Flattering stuff don’t you think? from someone wrestling with the ‘given’ but expressing not a single doubt as to its origin. The timely creation of a hero for the age does not seemingly even merit the simple question of how this inevitability could possibly have found expression in an “idea” if you please that popped into a woman’s head during a train journey. Interestingly, it is the whole train idea itself that the Adrian Jacobs litigants are sueing over. Indeed, you could be forgiven for thinking that the shennanigans of Rowling’s script writers reflect the obsessive determination of shysters trying to prove righful ownership to something that never did and never could havc belonged to any of them, covering their tracks, as it were,  even before they have made them, to be certain of winning a case should it ever come to court as theyare most assuredly afraid it some day will.  Deplorable stuff in our view…. we who have taken great pains to set the record straight as the plumb- line we use for our murals … for all to see.

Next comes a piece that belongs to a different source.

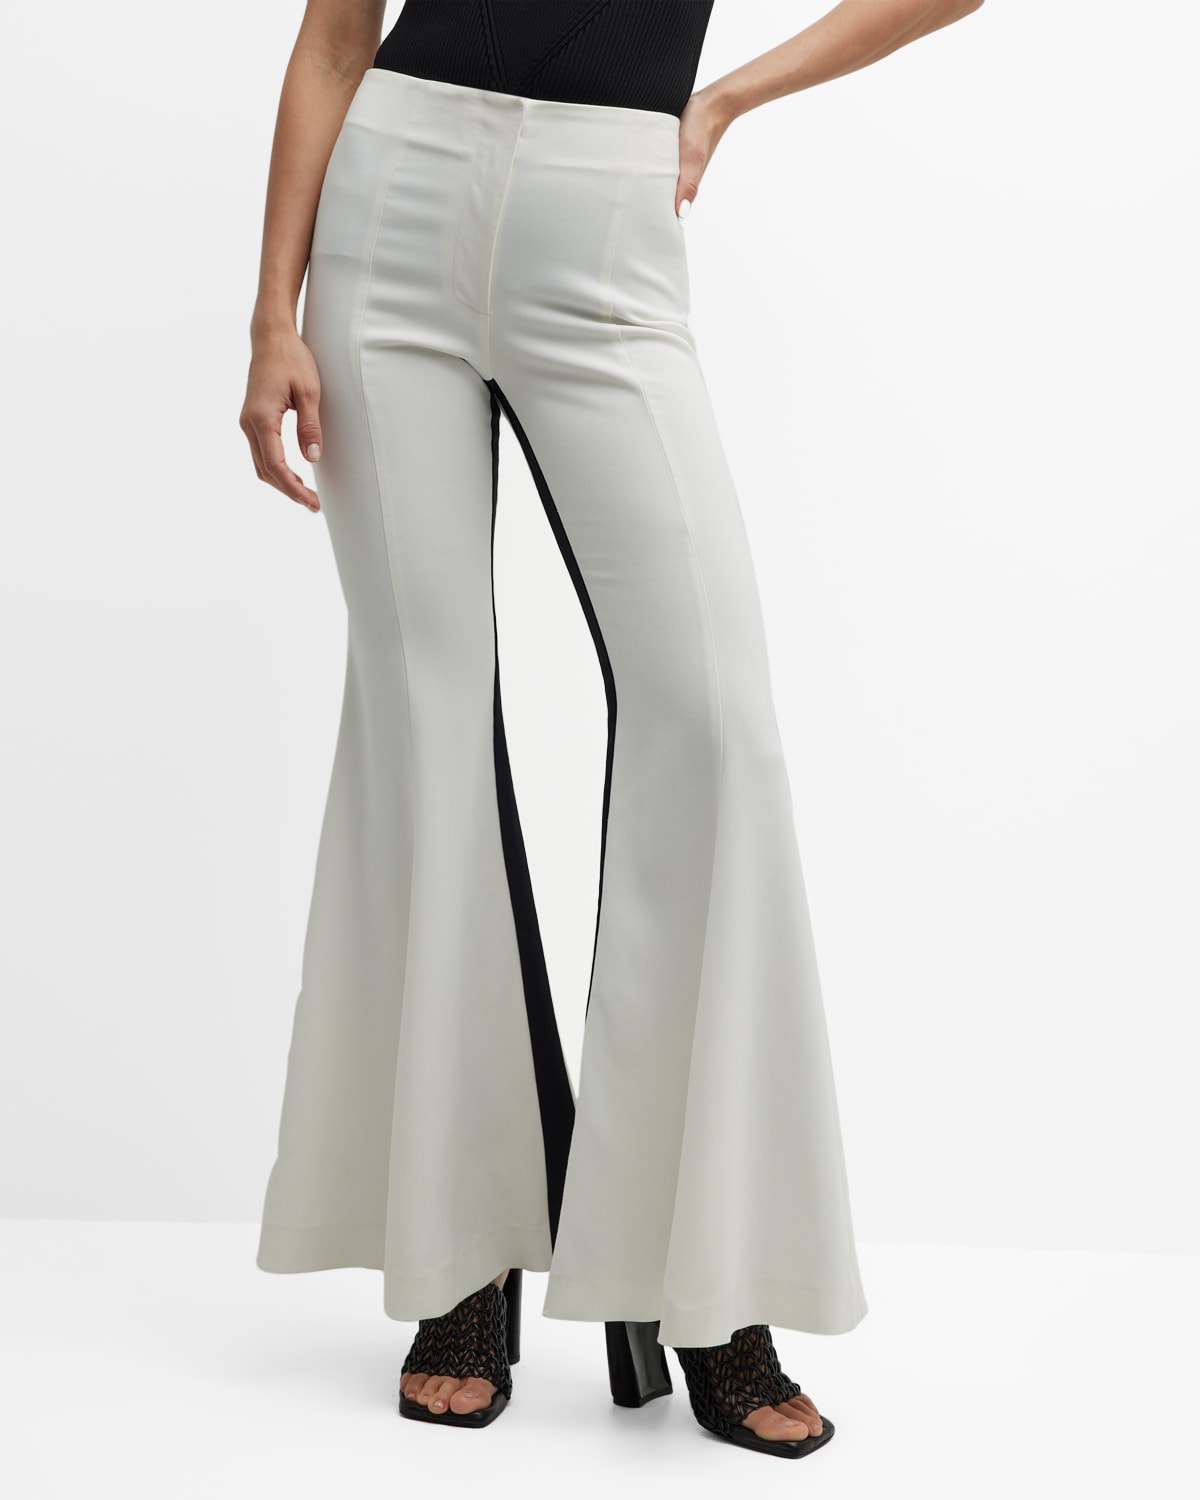 Proenza Schouler Suiting Tuxedo Wide-leg Pants With Contrast Seam Detail In Off White Multi

Clearly, the architects of this “phenomenon” ( and that would include the alleged ’creator’) were smugly convinced from the start that once the product called Potter was accepted and enjoyed by countless kids queries as to its authenticity would be readily snuffed out by means of tacit support from the guard dogs of the  media (especially the British media bloated as ever with their imperial delusions), - brutally  aggressive legal tactics protecting alleged copyright and on-going relentless self-fortification against any form of scrutiny from any source.

 This shamelessly amoral  game has been going on for quite some time and will only end when every single penny that can be extracted from Potter has made it loyal way to the coffers of the coporations and their subsidiaries both sides of the Atlantic who have been feeding off the commercial brew  for well  over a decade. The truth is Harry Potter was hijacked from a previous creation. End of story. And his true origins lie in the purgatory of  political conflict in Northern Ireland not in a silly daydream. From the battle front of collective tragedies, let us repeat ….. not from an “idea”.

It is atonishing to us that ‘intelligent’ people, writers and journalists would you believe?, men with degrees as long as your stupidity, teachers of literature etc, etc, have bought into this cock-and-bull crap with scarcely a one asking a single serious question as to the authenticity of Rowling’s claims when it is glaringly obvious to anybody who is not a congenital retard that the source must clearly be elsewhere. This blog is to make it clear to you where that ELSEWHERE actually is and indeed why Potter exists at all.